The Corkscrew Killer Mystery seems to have been solved...for the moment.
You will remember our wine challenge to researchers in the U.K?
Underwater Thrills is officially offering a fine bottle (signed) of 2005 Floodplain Proprietor Red from Napa Valley, California to any U.K researcher who can prove without a doubt that the Corkscrew Killer is in fact a man made object or machine.
Latest Update - The Herald
Researchers at the University of St Andrews have dismissed claims that sharks, killer whales, illegal traps, fisheries or even deliberate mutilation could have caused the “corkscrew killings”.
Since August 2009, 33 dead seals have washed up on beaches bearing a single, smooth-edged cut that starts at the head and spirals down the body.
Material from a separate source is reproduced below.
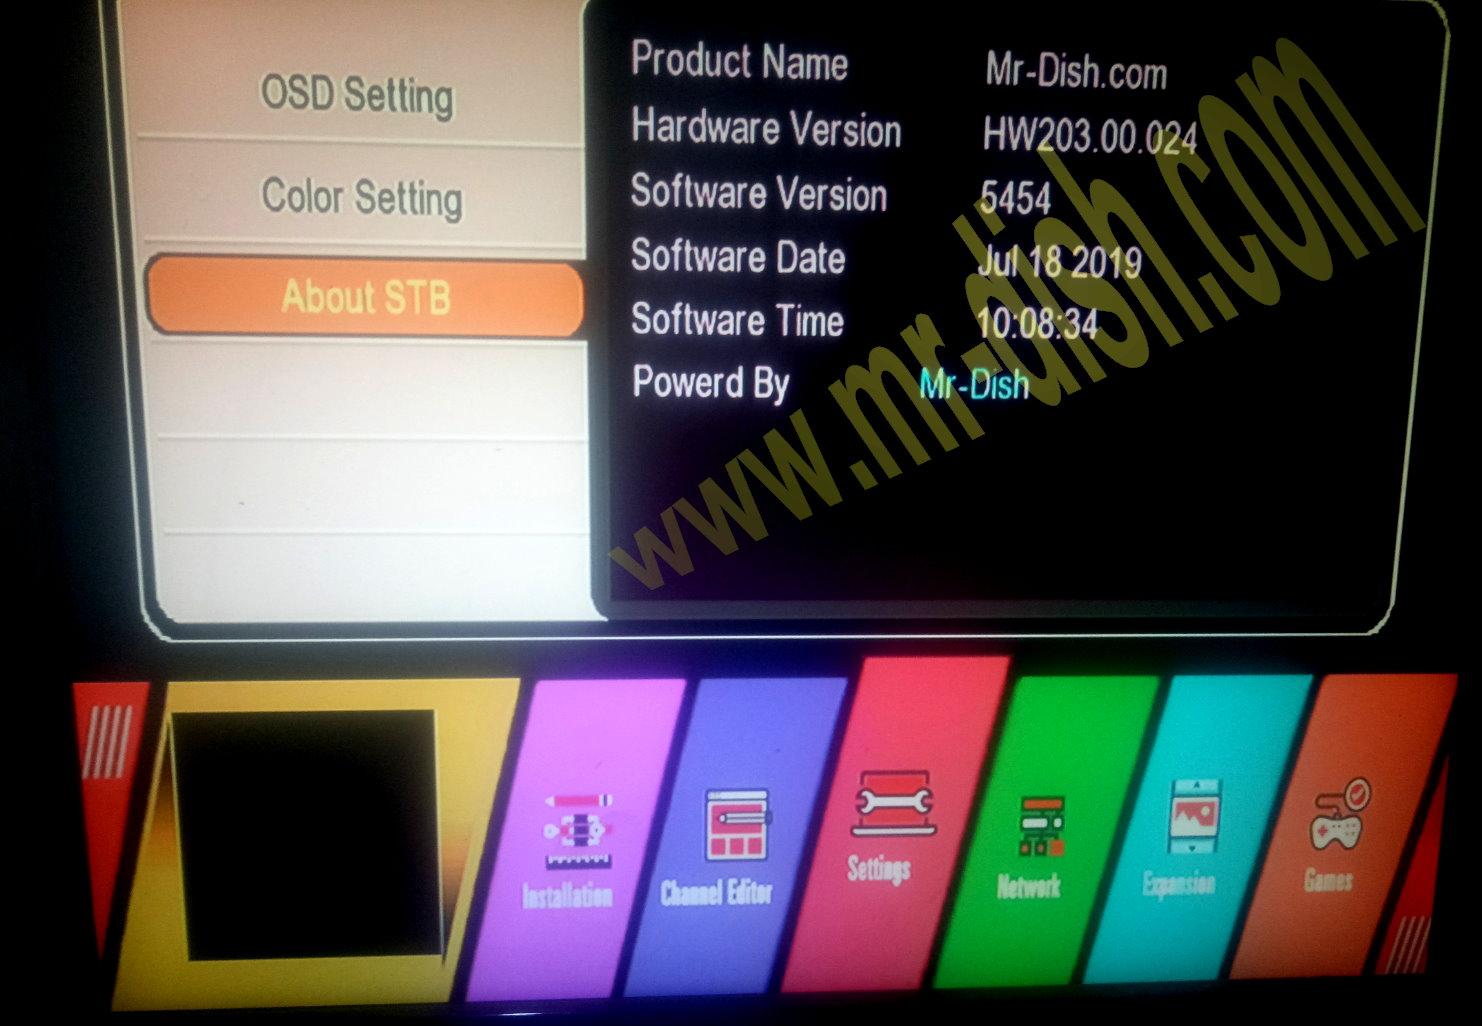 GX6605S HW203 00 024 CCCAM & TEN SPORT OK SOFTWARE - Mr-Dish
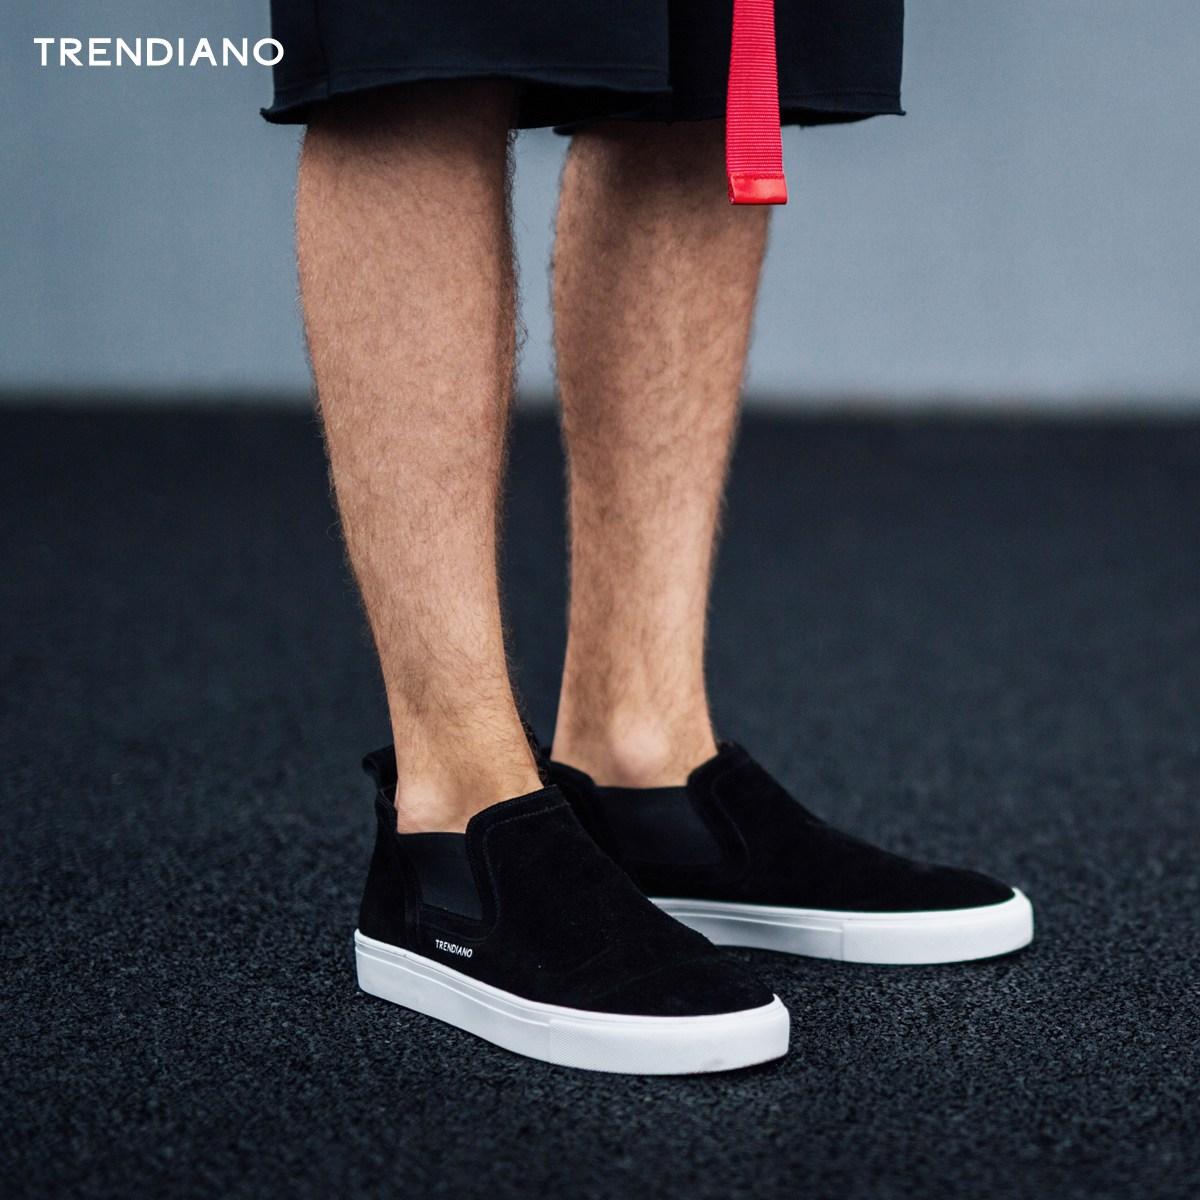 【聚】TRENDIANO反绒皮懒人低帮鞋板鞋3EA151803P

The bizarre lacerations were widely attributed to shark attacks.
However, experts at the University’s Sea Mammal Research Unit (SMRU), in conjunction with the RSPCA and the Scottish Agricultural College, have concluded the injuries were most likely caused by the ducted propeller systems on ships operating in shallow coastal waters.
The research leader, Dr David Thompson, said: “Investigations have revealed a number of features that show the injuries are entirely consistent with the animals being sucked through large, ducted propellers.
“Our methods included scaled simulations using models that show how the spiral injuries can be created, as well as fine-scale observation of the injuries themselves that show the lacerations were made by the seals rotating against a smooth edged blade, while being dragged past the blade by a powerful force.
“Most diagnostic of all has been the imprint on some animals of the serrated ‘rope cutter’ that is present on most of these types of ducted propellers to stop ropes getting entangled in the propellers”.
To date, most of the injuries have been seen in the Tay and Forth estuaries, north Norfolk in England and Strangford Lough in Northern Ireland.
The injuries involve a severe, sudden and deadly trauma. Both grey and harbour seals have been involved, but the carcasses recovered were mainly harbour seals.